Dass Pilz nun am Sprung ins Parlament ist, löst bei SPÖ und Neos keine Begeisterung aus. „Bleibt die Frage: wer muss sich für den Silberrücken opfern“, sagt SPÖ-Frauen-Chefin Gabriele Heinisch-Hosek. „Es wäre inakzeptabel, wenn eine Frau für ihn gehen muss. Die Frauenquote im Parlament ist ohnehin zu niedrig.“

Für Neos-Abgeordnete Claudia Gamon reicht es nicht, dass Pilz von den strafrechtlichen Vorwürfen erlöst wurde. „Es geht um die Moral. Pilz hat ja eingestanden, dass er sich nicht immer korrekt verhalten hat. Ist das jetzt vergessen?“ Das müsse jeder für sich beurteilen.

Votegetter Voggenhuber

Ein zweites Comeback kündigt sich an: Johannes Voggenhuber liebäugelt offenbar damit, für die Liste Pilz bei der EU-Wahl im Frühjahr 2019 anzutreten. Zwar dementiert der 68-Jährige Berichte, wonach seine Kandidatur bereits fix sei – „Es gibt keine Vereinbarung“, sagt er im KURIER-Gespräch –, gesteht auf Nachfrage aber ein: „Ja, es reizt mich natürlich.“

Er sei ein „leidenschaftlich politischer Mensch. Wenn ich sehe, welchen Europakurs Schwarz-Blau einschlägt und die Opposition reihum versagt, ist das für mich schwer erträglich“, erklärt er. Es fehle ein effizienter Widerstand gegen die Allianz der Rechtspopulisten auf EU-Ebene. In Hinblick auf den EU-Ratsvorsitz sei das Bild, das Österreich abgebe, „verheerend“.

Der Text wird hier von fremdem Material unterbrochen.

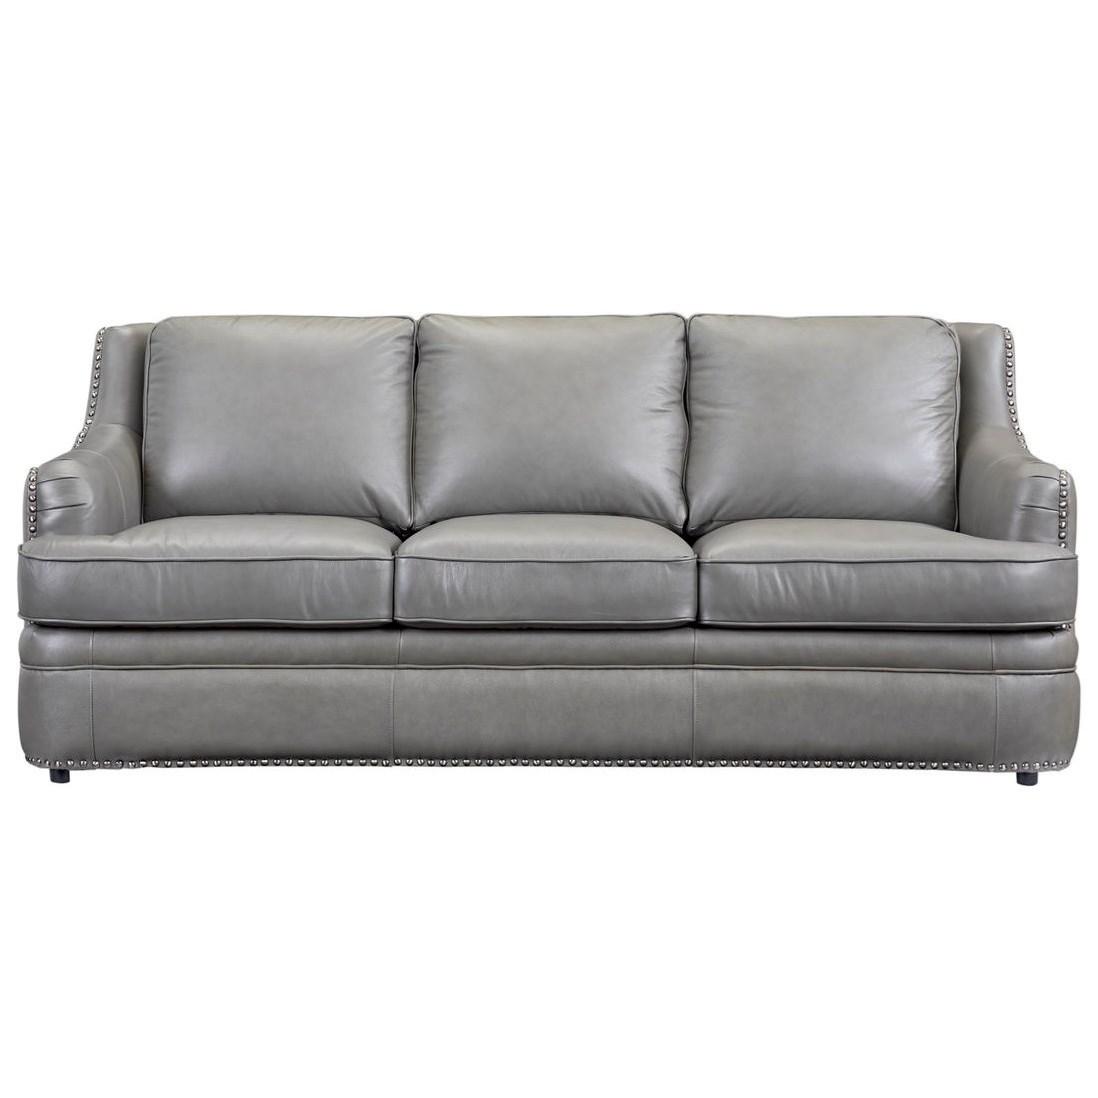 leather italia sofa furniture dfs half usa tulsa transitional roll arm miskelly

In Richtung EU-Wahl sagt er: „Ich sehe, dass die Grünen keinen Fuß mehr auf den Boden bekommen, sie könnten aus dem EU-Parlament fliegen. Und die Liste Pilz kommt eventuell nicht hinein.“ Darüber führe er Gespräche mit Peter Pilz, für die Frage nach der Kandidatur sei ja noch Zeit.

Auch Noch-Klubchef Peter Kolba hält sich bedeckt: „Die Liste Pilz wird sicher bei der EU-Wahl antreten, in welcher Konstellation, ist offen.“

Voggenhuber und Pilz verbindet eine lange Freundschaft – und ein gemeinsames Schicksal: Pilz ist ja vor der Nationalratswahl 2017 nicht auf seinen gewünschten Listenplatz gewählt worden, und kehrte den Grünen dann den Rücken. Ähnlich war es Voggenhuber 2009 bei der Listenwahl zur EU-Wahl ergangen: Er unterlag im Kampf um Platz 1 nur knapp gegen Ulrike Lunacek. Dabei galt er für die Grünen in der EU lange als Votegetter, als Zugpferd.